* _Input records_:

^^^^^^^^^^^^^^^^

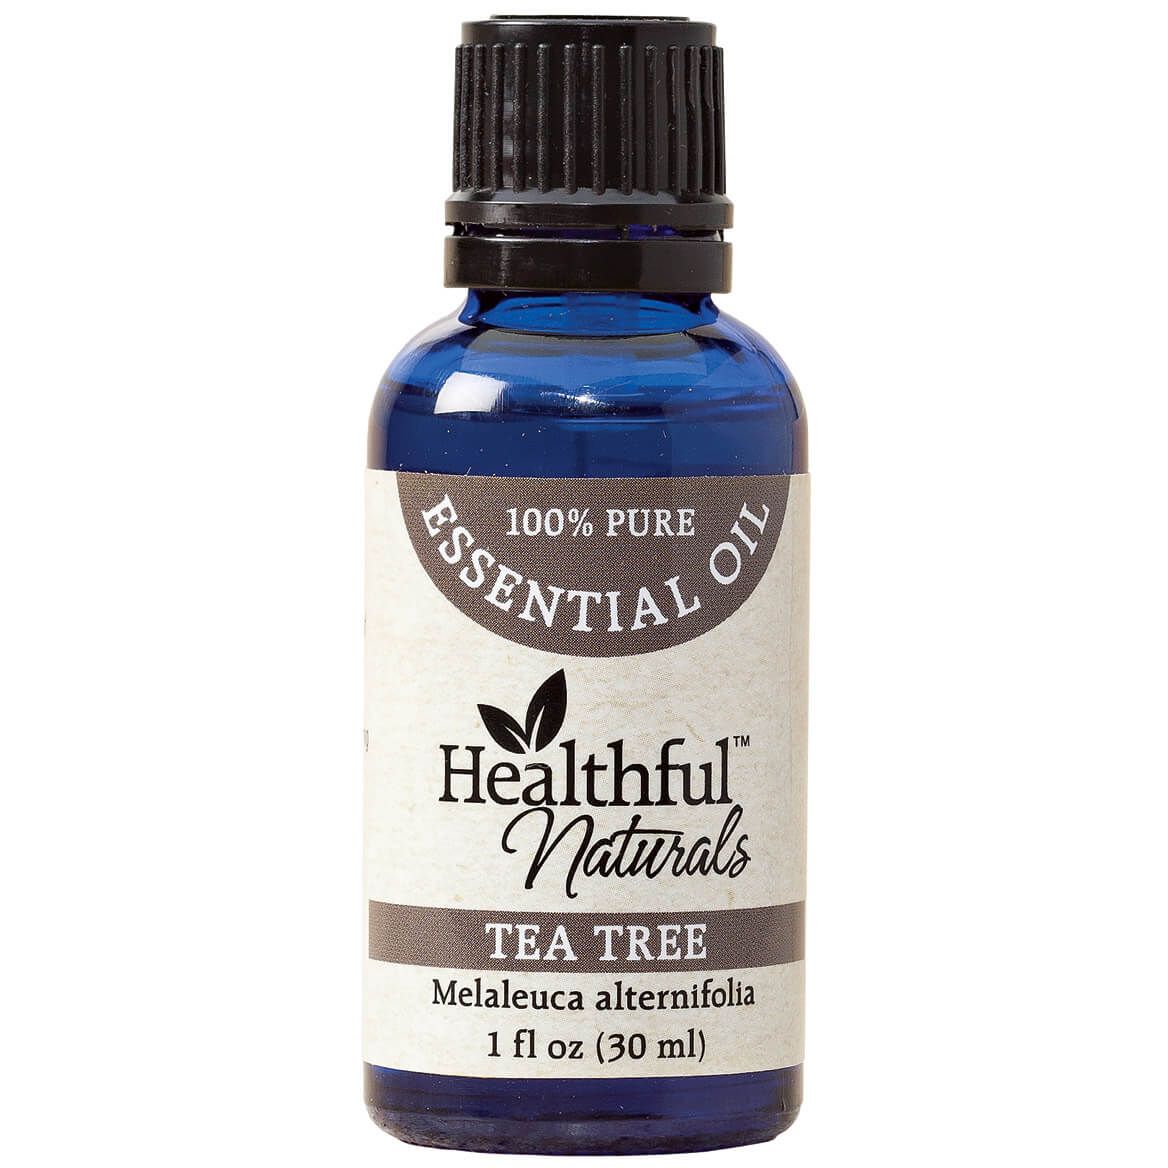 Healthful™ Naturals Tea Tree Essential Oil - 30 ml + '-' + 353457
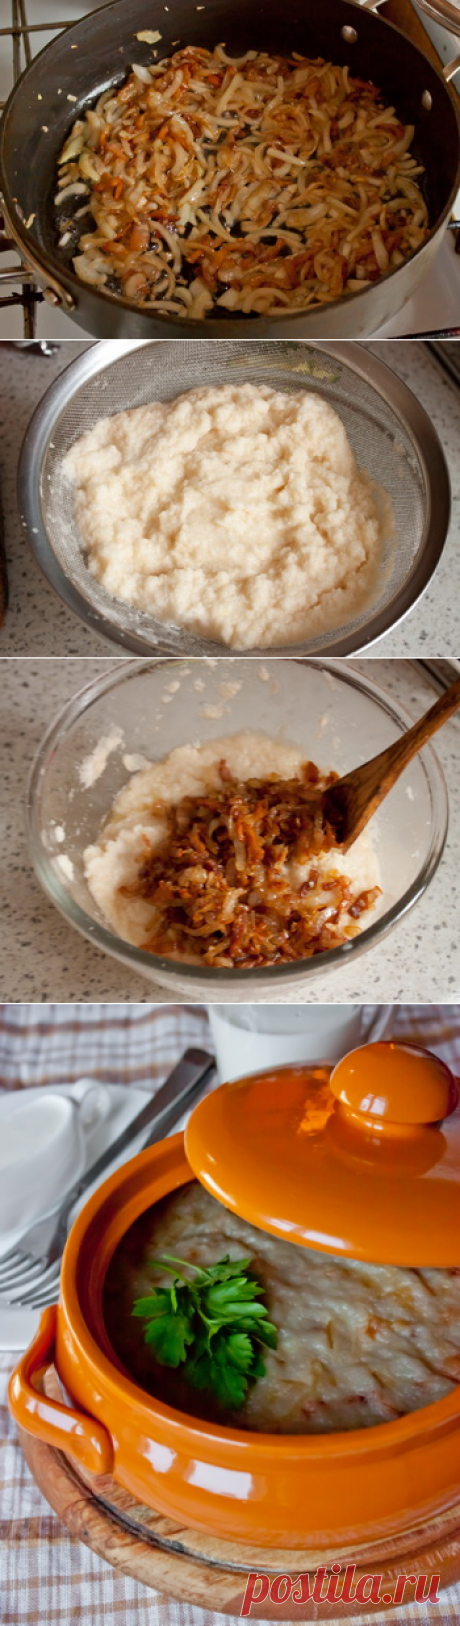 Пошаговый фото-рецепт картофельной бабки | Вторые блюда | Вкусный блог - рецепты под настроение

^^^^^^^^^^^^^^^^

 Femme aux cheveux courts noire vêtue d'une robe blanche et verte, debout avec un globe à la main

^^^^^^^^^^^^^^^^

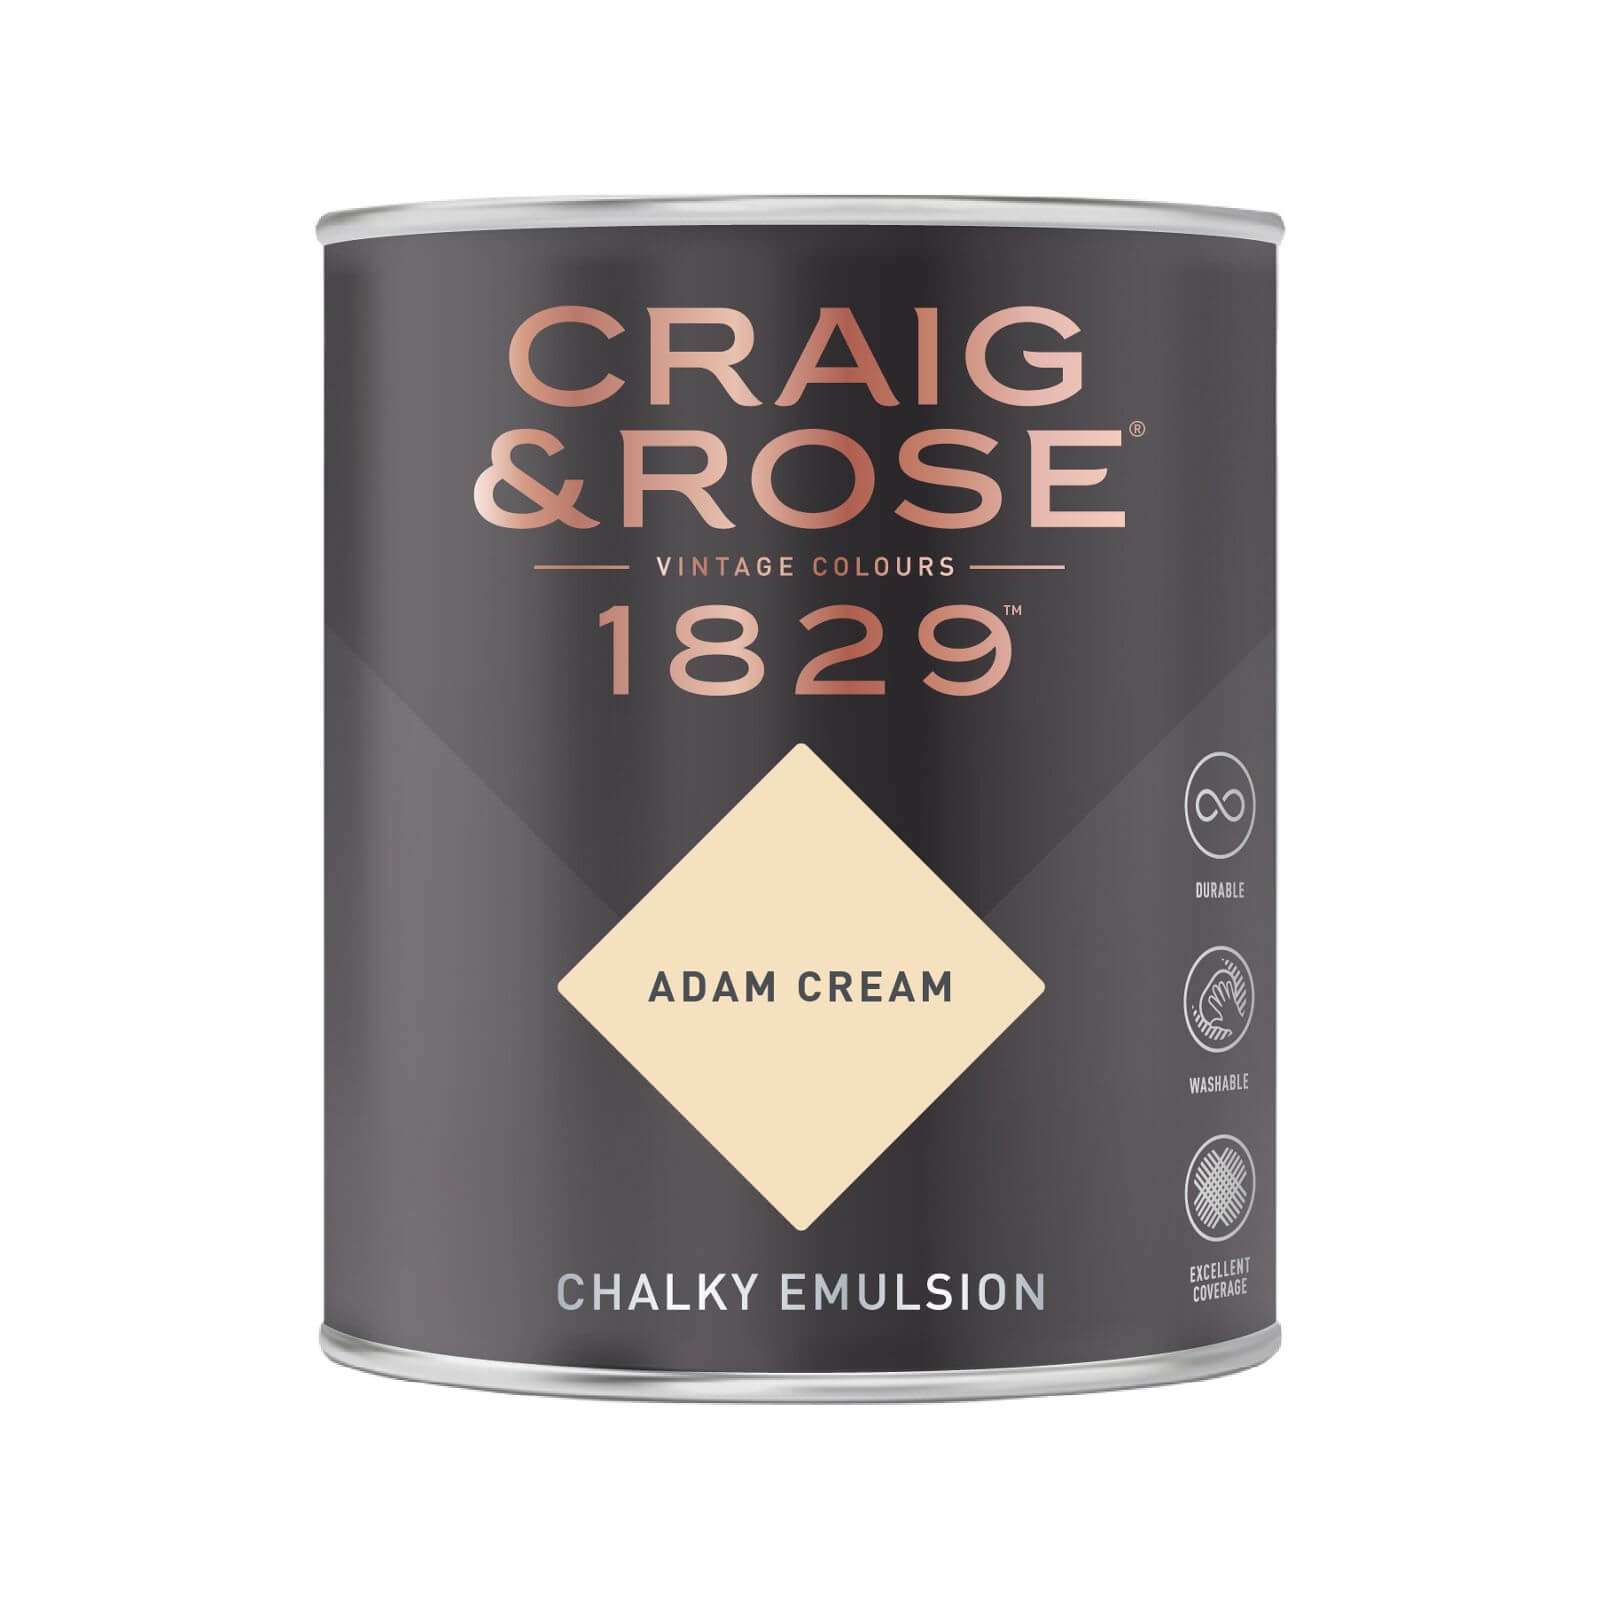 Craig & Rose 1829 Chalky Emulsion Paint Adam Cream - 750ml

^^^^^^^^^^^^^^^^

* _Work to be completed_: Using the entries above, repeat exactly the lines from the one with "Healthful™ Naturals Tea" to the one with "Пошаговый фото-рецепт картофельной", both included, and leave the pictures behind.

* _Answer below_:
 Healthful™ Naturals Tea Tree Essential Oil - 30 ml + '-' + 353457
 Пошаговый фото-рецепт картофельной бабки | Вторые блюда | Вкусный блог - рецепты под настроение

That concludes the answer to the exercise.